> **WORK TASK**
Transcribe everything in the listing below exactly, except the pictures.

━━ PROVIDED DATA

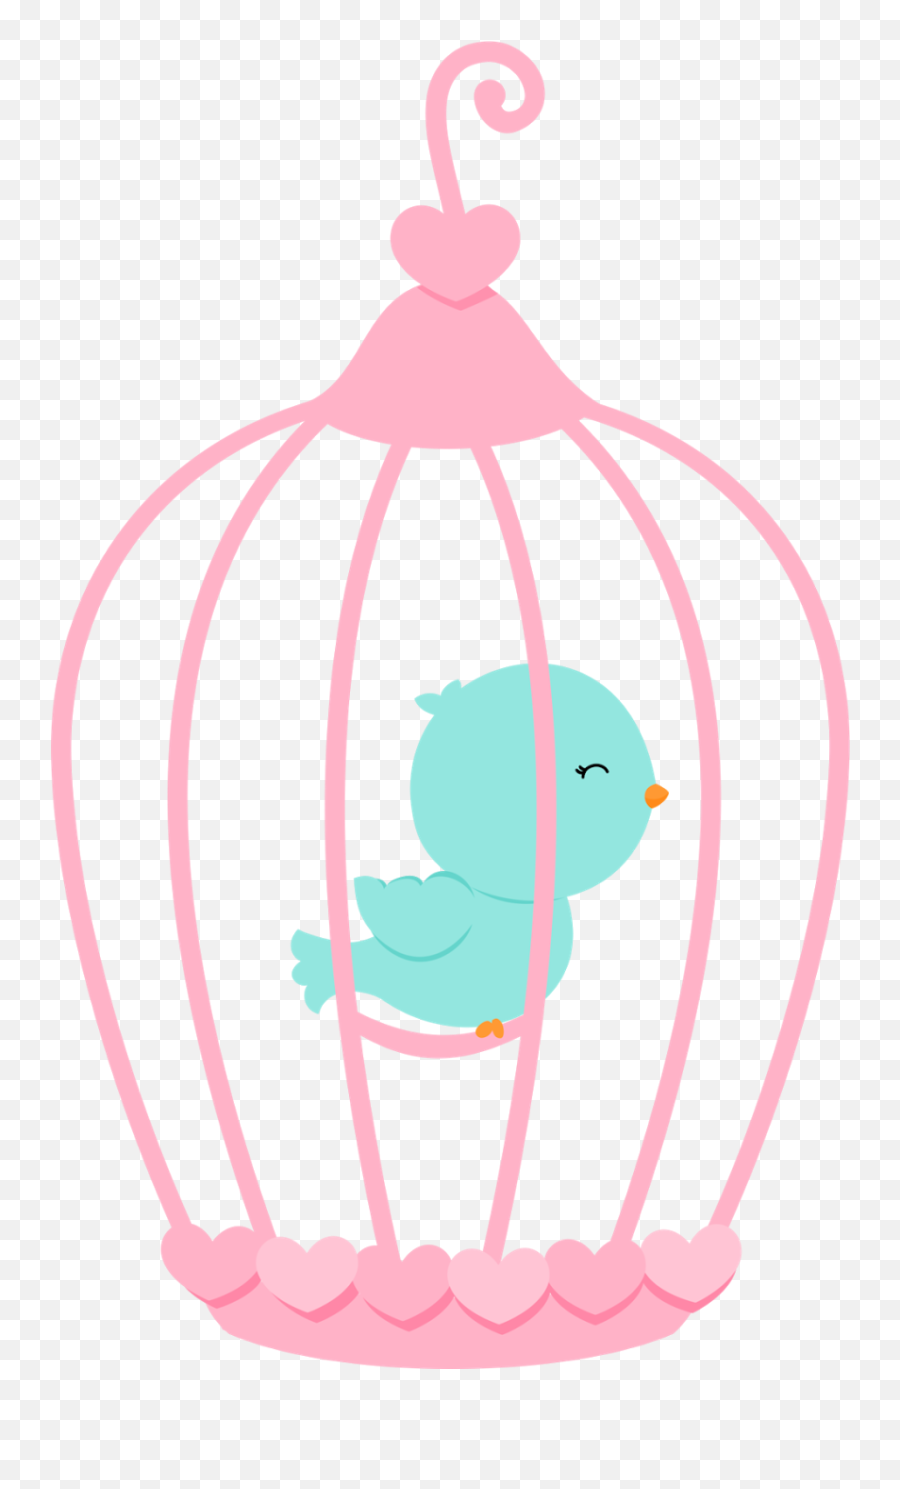 Bird Cage Png - Free Machine Embroidery Designs Love Birds Birds In Its Cage Cartoon,Birdcage Png
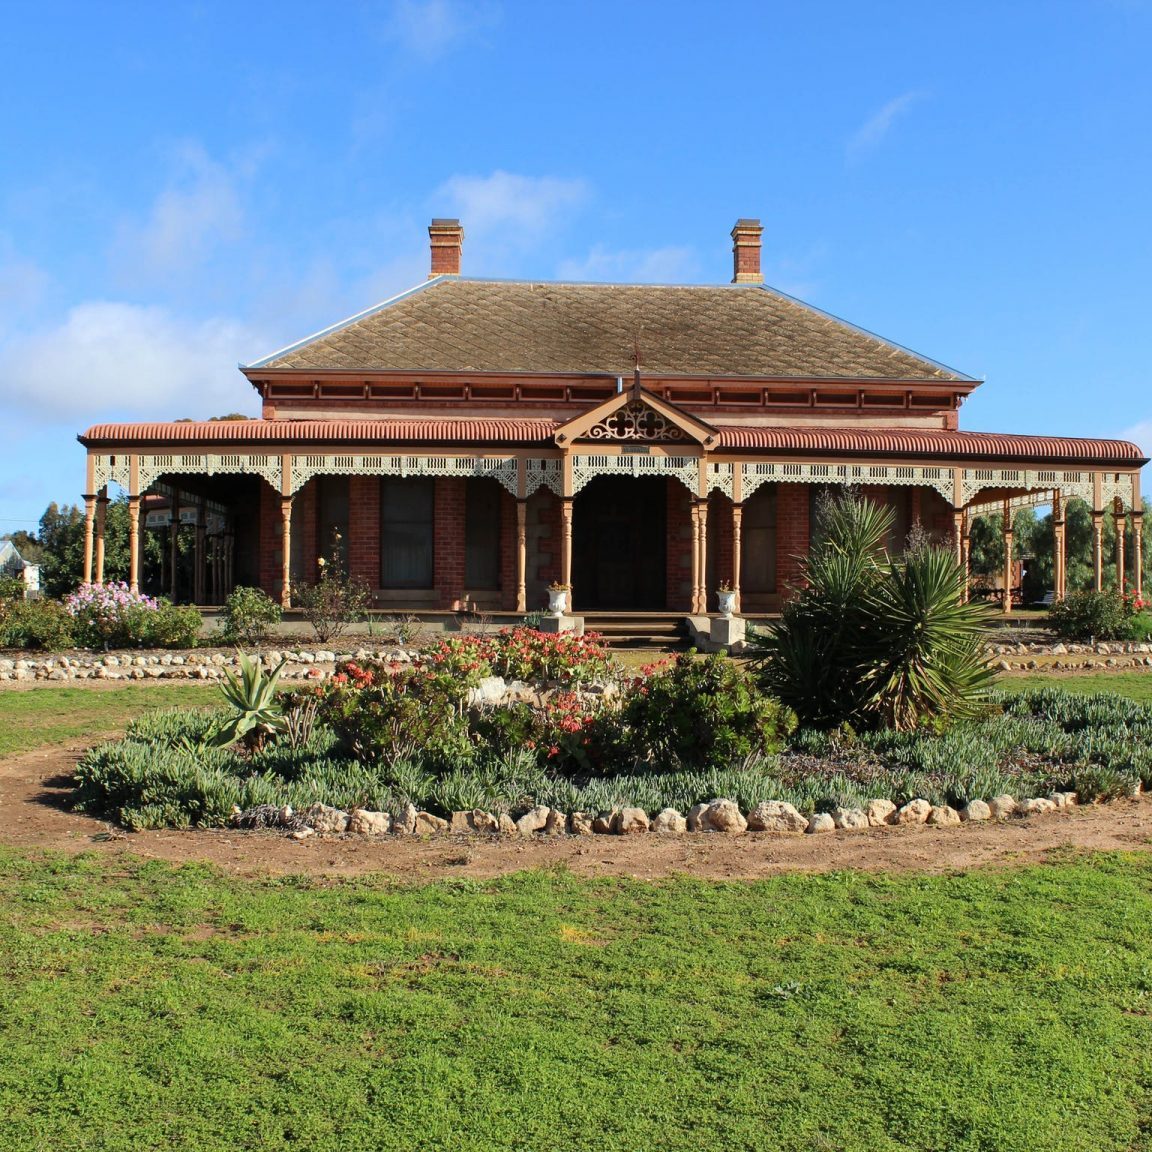 Front entrance and veranda of Georgian style heritage homestead with lawn and garden in foreground
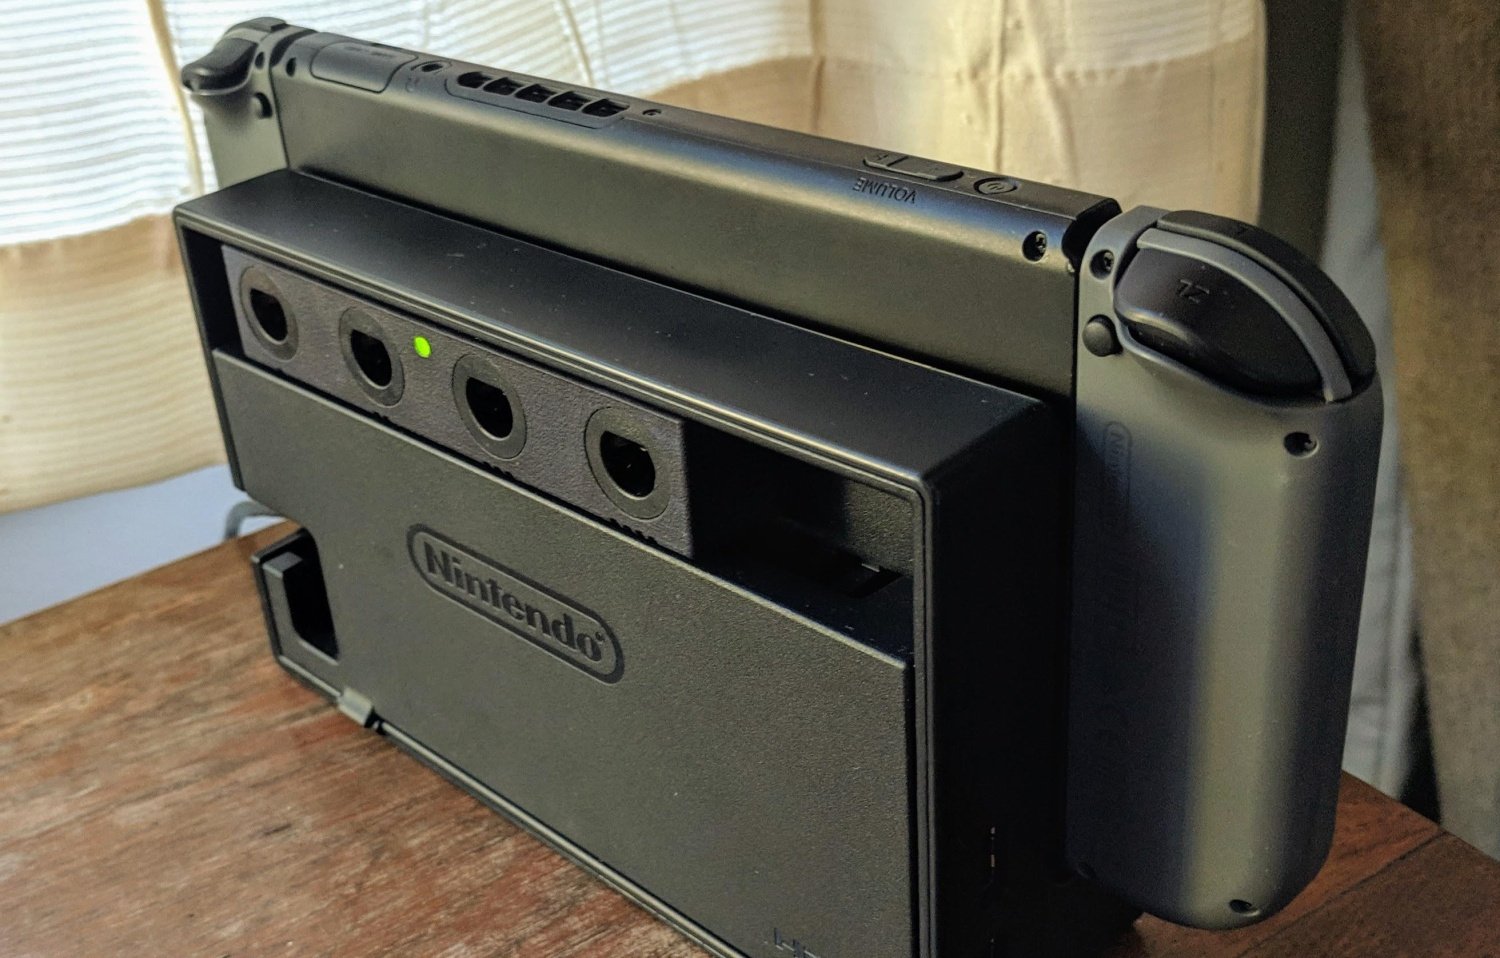 Switch Dock Mod Adds Built In Gamecube Controller Ports Nintendo Life

━━━━

> **RESULT OF THIS EXERCISE**
 Bird Cage Png - Free Machine Embroidery Designs Love Birds Birds In Its Cage Cartoon,Birdcage Png
 Front entrance and veranda of Georgian style heritage homestead with lawn and garden in foreground
 Switch Dock Mod Adds Built In Gamecube Controller Ports Nintendo Life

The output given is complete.